> Problem details: Return the data below unchanged, without images.

> Given information:

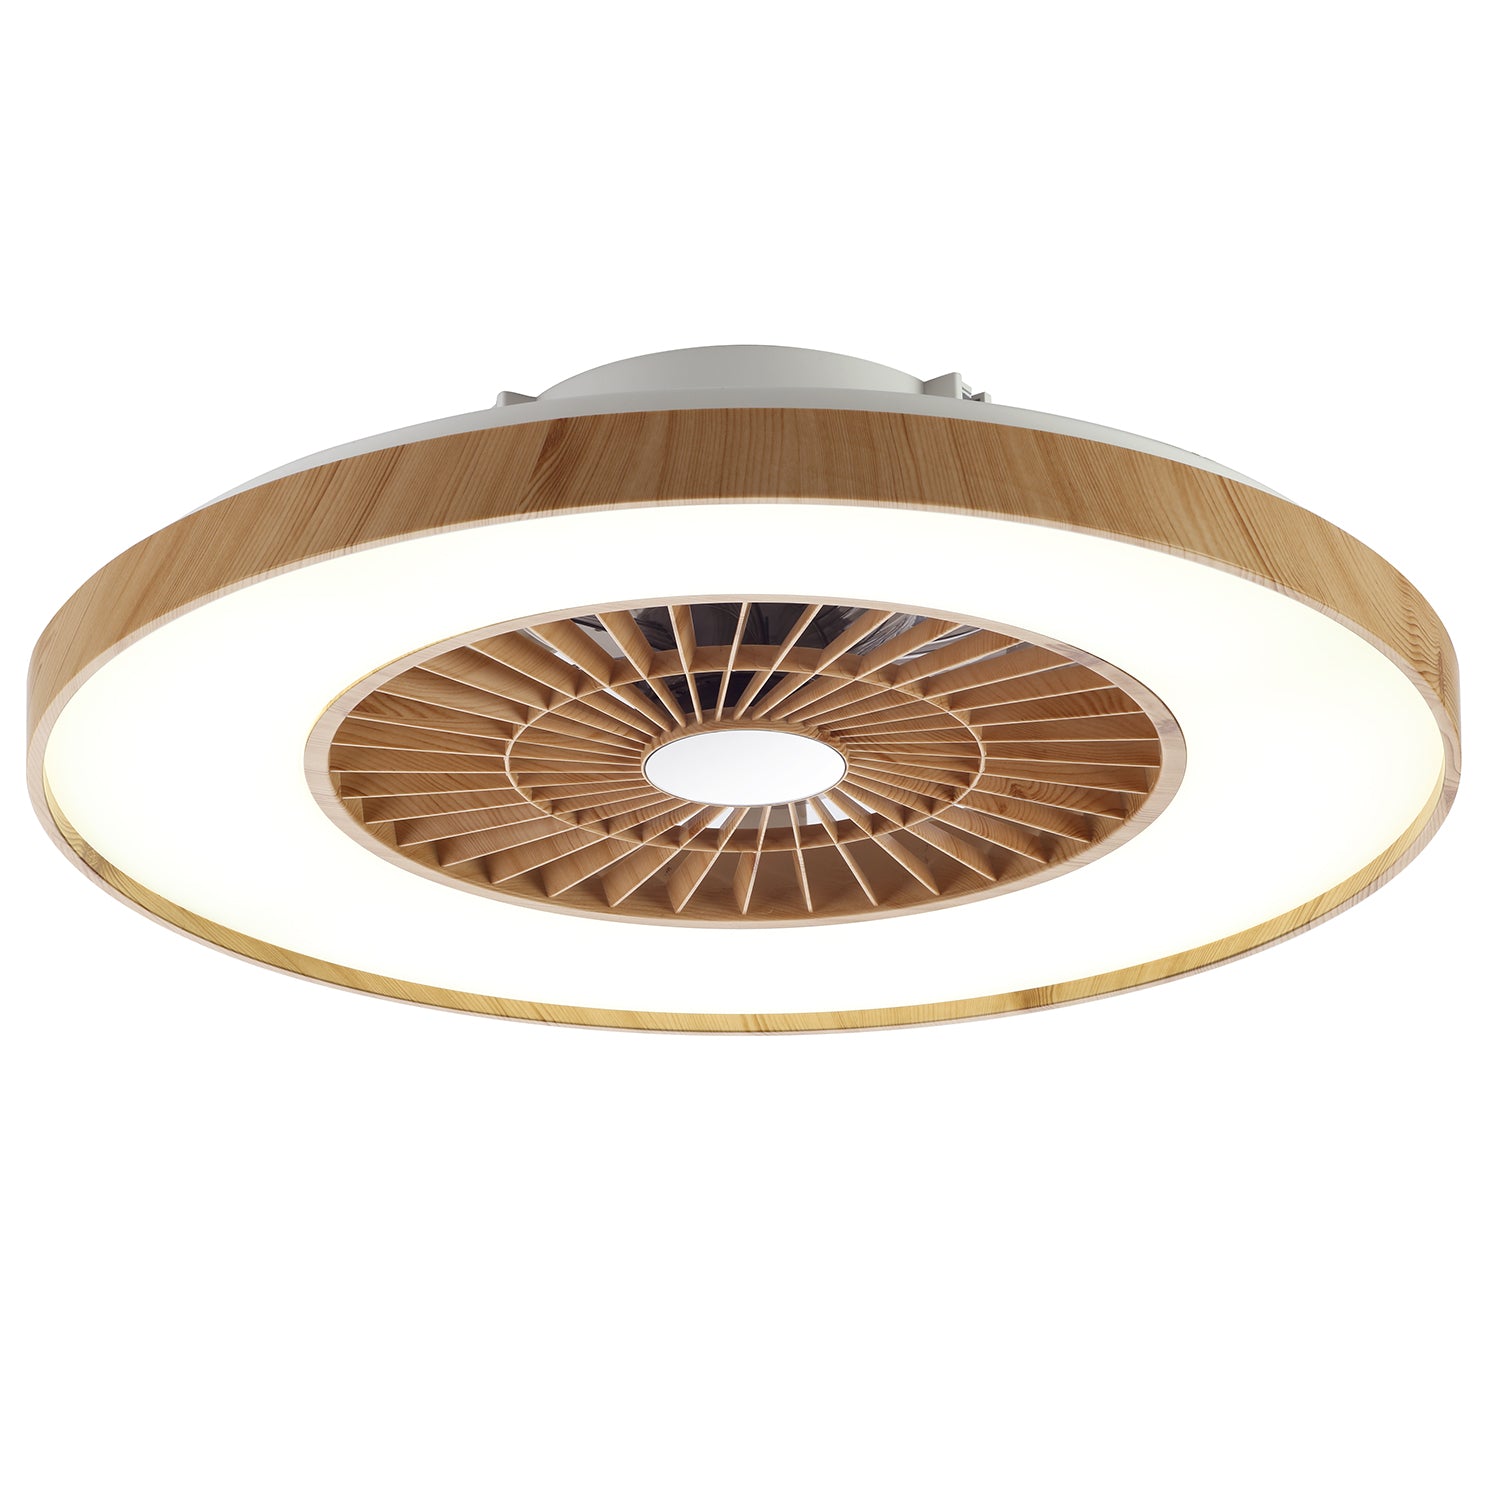 Tuya Smart Control Ceiling Fan Light D:604mm with Wooden Effect Frame
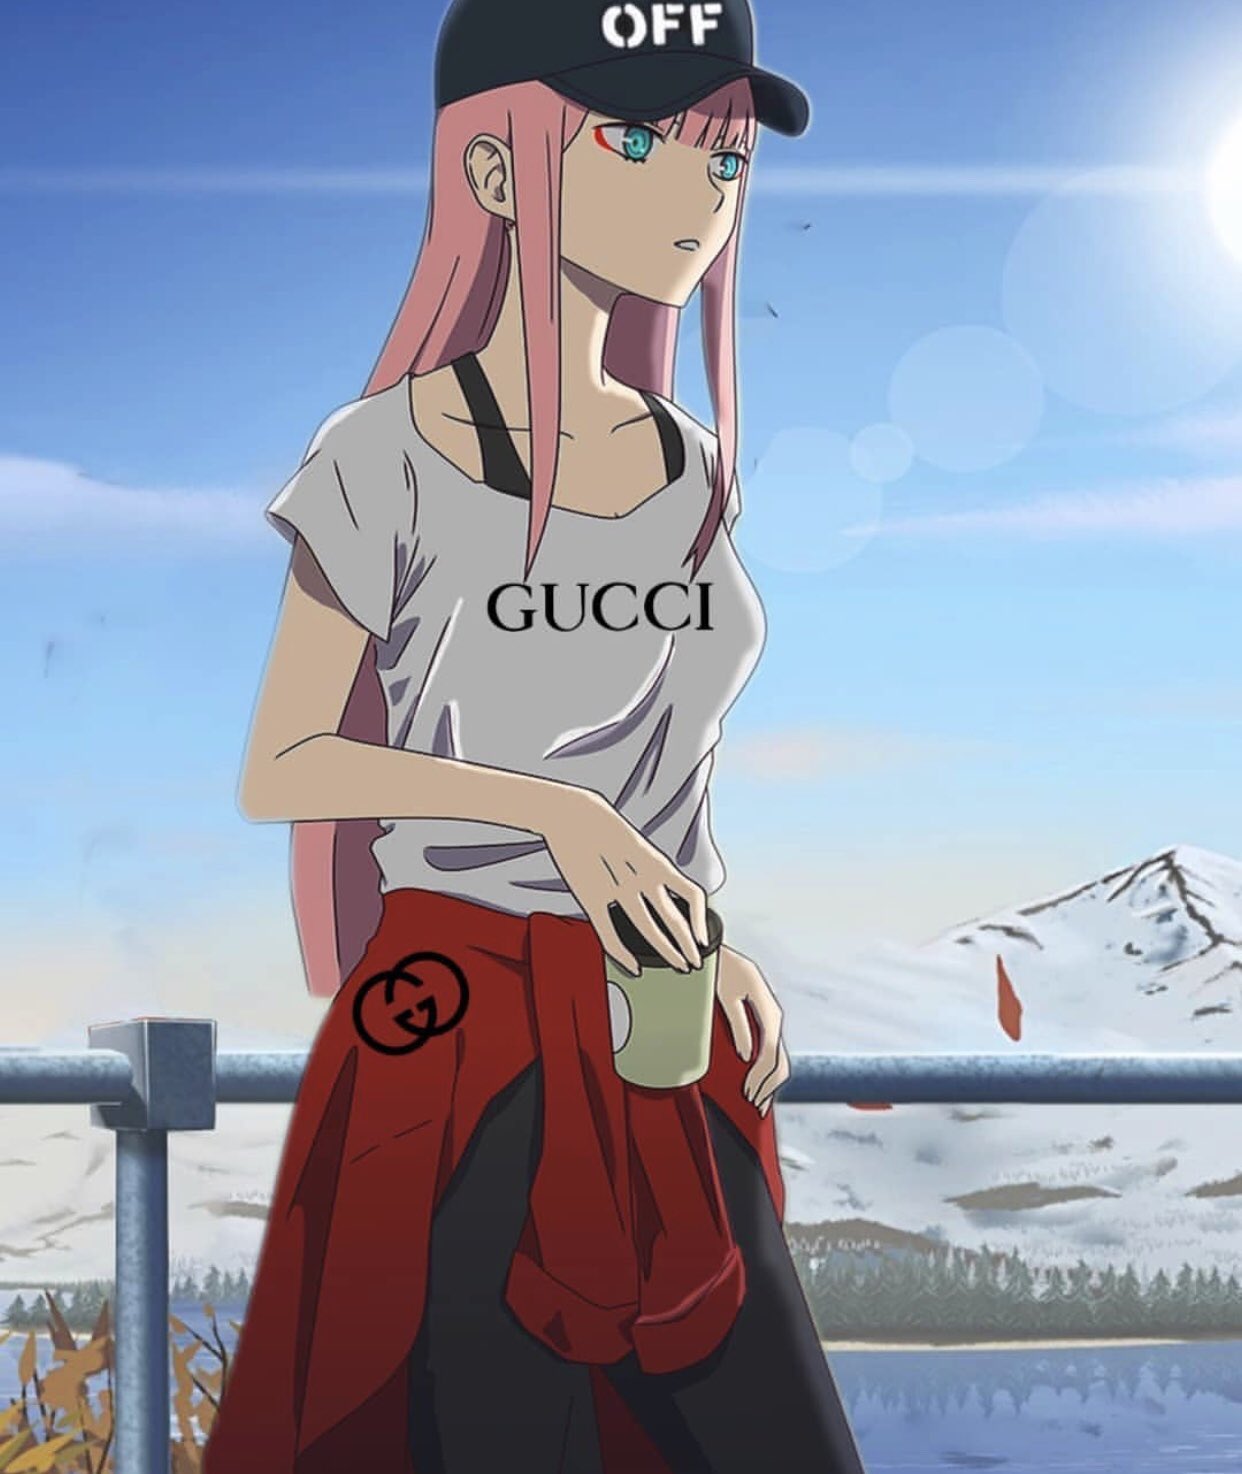 Anime_Lover on Twitter: "Zero Two rocking modern trends #zerotwo #ditf # anime #gucci https://t.co/986dlNgDfR" / Twitter
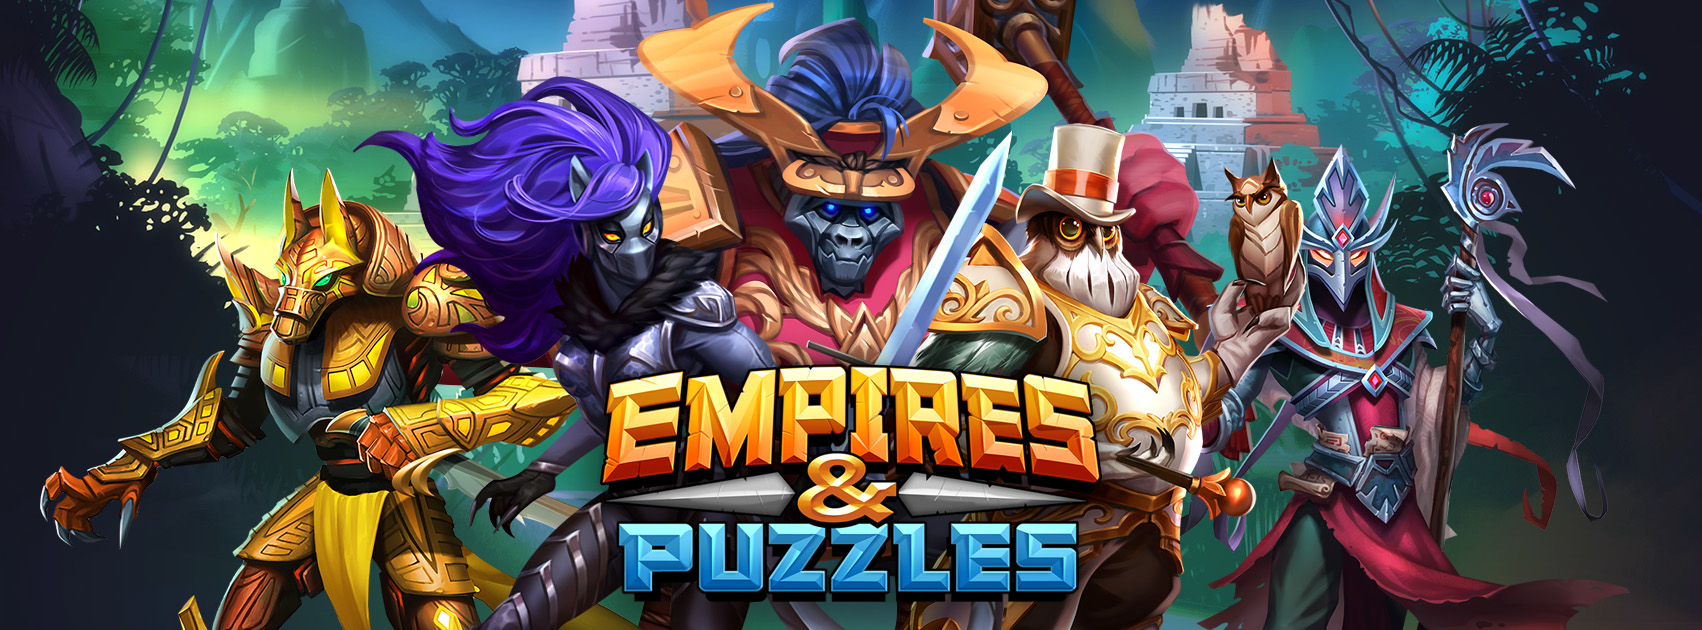 empires and puzzles hero academy 2020

> Solved problem:
 Tuya Smart Control Ceiling Fan Light D:604mm with Wooden Effect Frame
 Anime_Lover on Twitter: "Zero Two rocking modern trends #zerotwo #ditf # anime #gucci https://t.co/986dlNgDfR" / Twitter
 empires and puzzles hero academy 2020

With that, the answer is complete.